Всей трагедии нашей жизни в шалаше я не понимала и многим просто восхищалась. Самое удивительное в лесу — это раннее утро. Еще почти темно, все кругом спит, и вдруг одна птаха чирикнет как бы с испуга и замолкнет. Через минуту еще две перекликнутся, а уж через пять минут начинается такой птичий гам, что кажется, от него все деревья дрожат, гудит весь лес, и голоса такие радостные, как будто все эти птахи только что на свет родились и их счастью нет конца.
Питались, пока у мамы еще были деньги, молоком и иногда сушками, много ели всякой травы. Молодые кленовые побеги до того вкусные, я их и сейчас люблю; молочай — сорвешь его, обдерешь листья и долго крутишь в руках, пока не исчезнет беленькое горькое молочко, и тогда он тоже очень вкусный, а уж свергибус — это настоящая редиска, немного горькая, но очень вкусная. Недалеко была посеяна чечевица, она еще не налилась, но мы ели ее стручками, как зеленый горох, срывая очень осторожно, чтобы не помять кустики и не обнаружить себя. Самое неприятное было ходить за молоком в ту деревню, откуда слышался по утрам крик петуха. Надо было идти осторожно и в разные хаты, но эти расспросы — кто мы, откуда и куда идем — любопытных крестьянок просто одолевали.
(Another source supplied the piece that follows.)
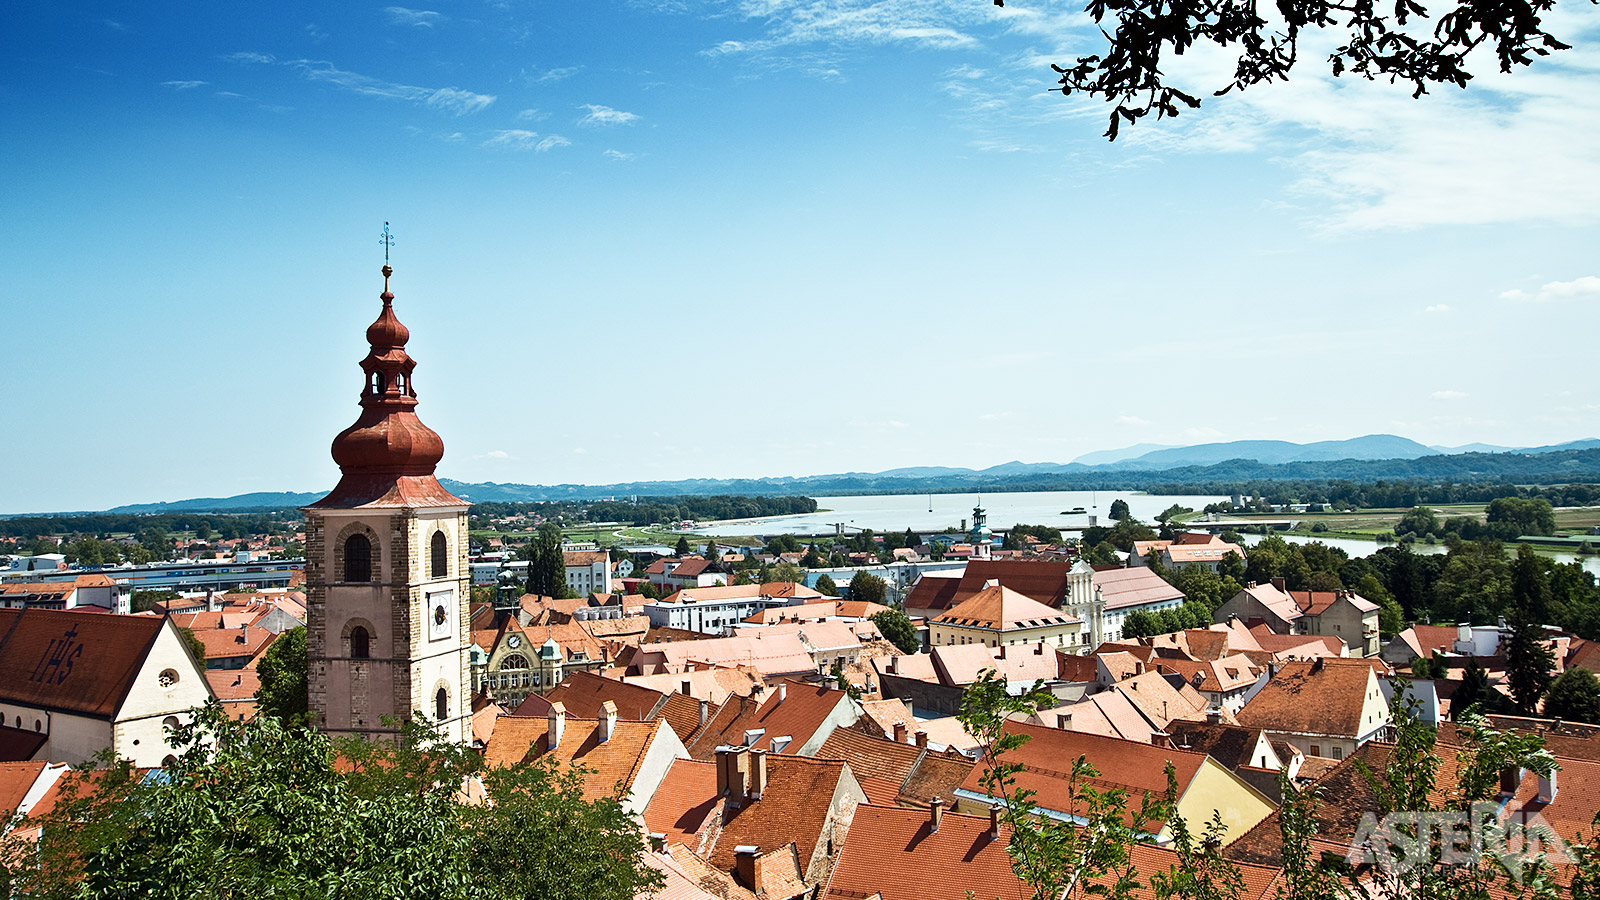 Ptuj is het oudste stadje van Slovenië, genesteld tussen heuvels met wijngaarden en de Drava-rivier
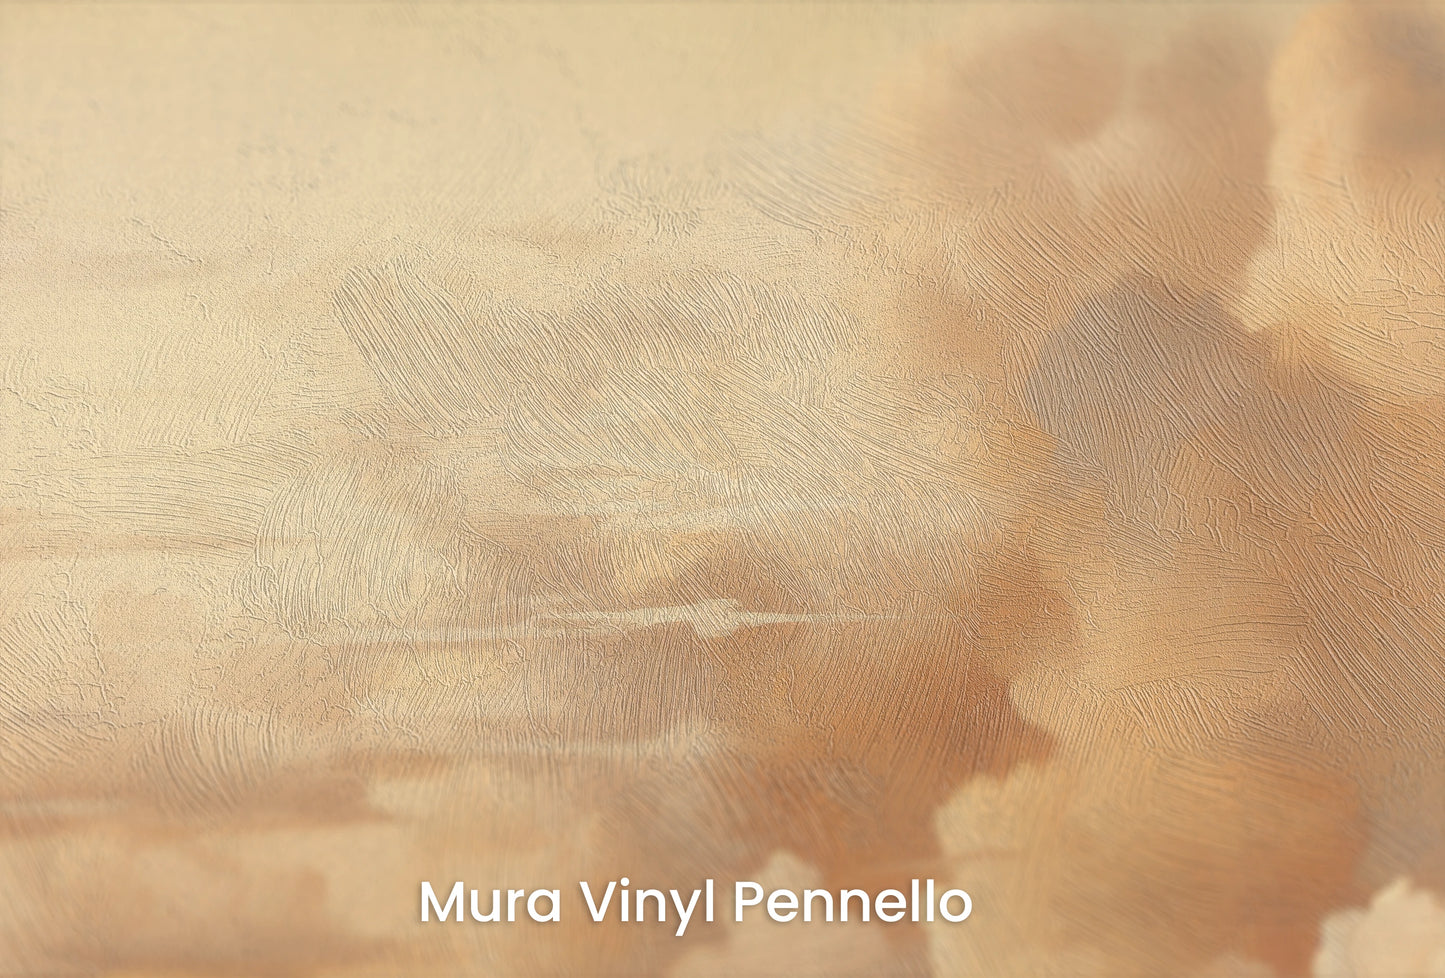 Zbliżenie na artystyczną fototapetę o nazwie Golden Majesty na podłożu Mura Vinyl Pennello - faktura pociągnięć pędzla malarskiego.

И вдруг в один из дней подъезжает лесничий верхом на лошади. Вы кто и откуда? Мама что-то намеренно невнятно ему объясняет. Он плохо понимает и уезжает. И буквально через полчаса приезжает председатель ближайшего колхоза на подводе. Тут мама ему рассказала все и совершенно откровенно. Смелый человек — он посадил нас всех вместе с так называемым имуществом и привез совсем в другое село — Сенчуковку. Поместил в пристройку к школе, из горбыля, с земляным полом и одним маленьким окошечком, но все же мы хотя бы теперь дождя не боялись.
В пристройке печки нет, но была одна обогреваемая стена школы — это наша общая стена. К сентябрю председатель колхоза оформил маму учительницей. Это было чудо. Во-первых, как он обошел районное НКВД — совершенно не ясно. Может быть, со стороны той ночной женщины это была провокация (не хочется верить), может быть, в НКВД по лености или из сострадания (бывали же и там не совсем звери) просто не стали нас разыскивать — пусть живет, ведь одна с четырьмя малыми детьми.
До сентября у мамы, видимо, еще оставались деньги, но хватало их только на кувшин молока, хлеба уже не ели совсем. Суп варили из незрелых зерен чечевицы, но все равно голод душил. Хлеба не было не только у нас, но и у местных колхозников. Я уже понимала тогда всю трагедию этих людей. Под осень по селу торжественно проезжает подвода с мешками зерна, и у каждой хаты сбрасывают заработанное за лето. Так вот, я не видела ни одного мешка, наполненного хотя бы до половины, все одна треть или одна четверть. Жили они на одной своей картошке с огорода да на пшене. Просо сеял каждый хозяин у себя в конце огорода, а огород-то был не более десяти-пятнадцати соток. Хлеб иногда привозили и продавали в магазине. Стояли огромные очереди, ругались, галдели, кто за кем. Переживали: хватит — не хватит хлеба. А хлеб намеренно клали на полки и закрывали марлевыми занавесками. Вдруг объявляют: последняя буханка. И тут простоявший часы мужчина — молодой, здоровый, красивый (ему бы только дали возможность, он накормил бы полдеревни) — выходит из очереди и на мелкие кусочки рвет бумажные три рубля, бросает на пол и уходит из магазина. Надо было видеть его немую ярость.
Мы остались зимовать в неотапливаемом помещении. Мама сама топила школьную печь, и мы до прихода учеников грелись в школе, затем уходили в свой холодильник. После окончания уроков и ухода учеников снова грелись в школе и шли спать. Четверо спали на односпальной кровати, Ра в своем тулупчике спал, не раздеваясь и не разуваясь, на лавке. Ну и конечно, я, как самая хилая, заболела воспалением легких. Температура была настолько высокой, что я находилась в каком-то полусознательном состоянии эйфории. Я все время пела. Мама сидела рядом, плакала, приходили женщины, все говорили о каком-то кризисе — выживет, не выживет. И я не померла, выжила. Лечили настойками трав, и к весне я совсем поправилась.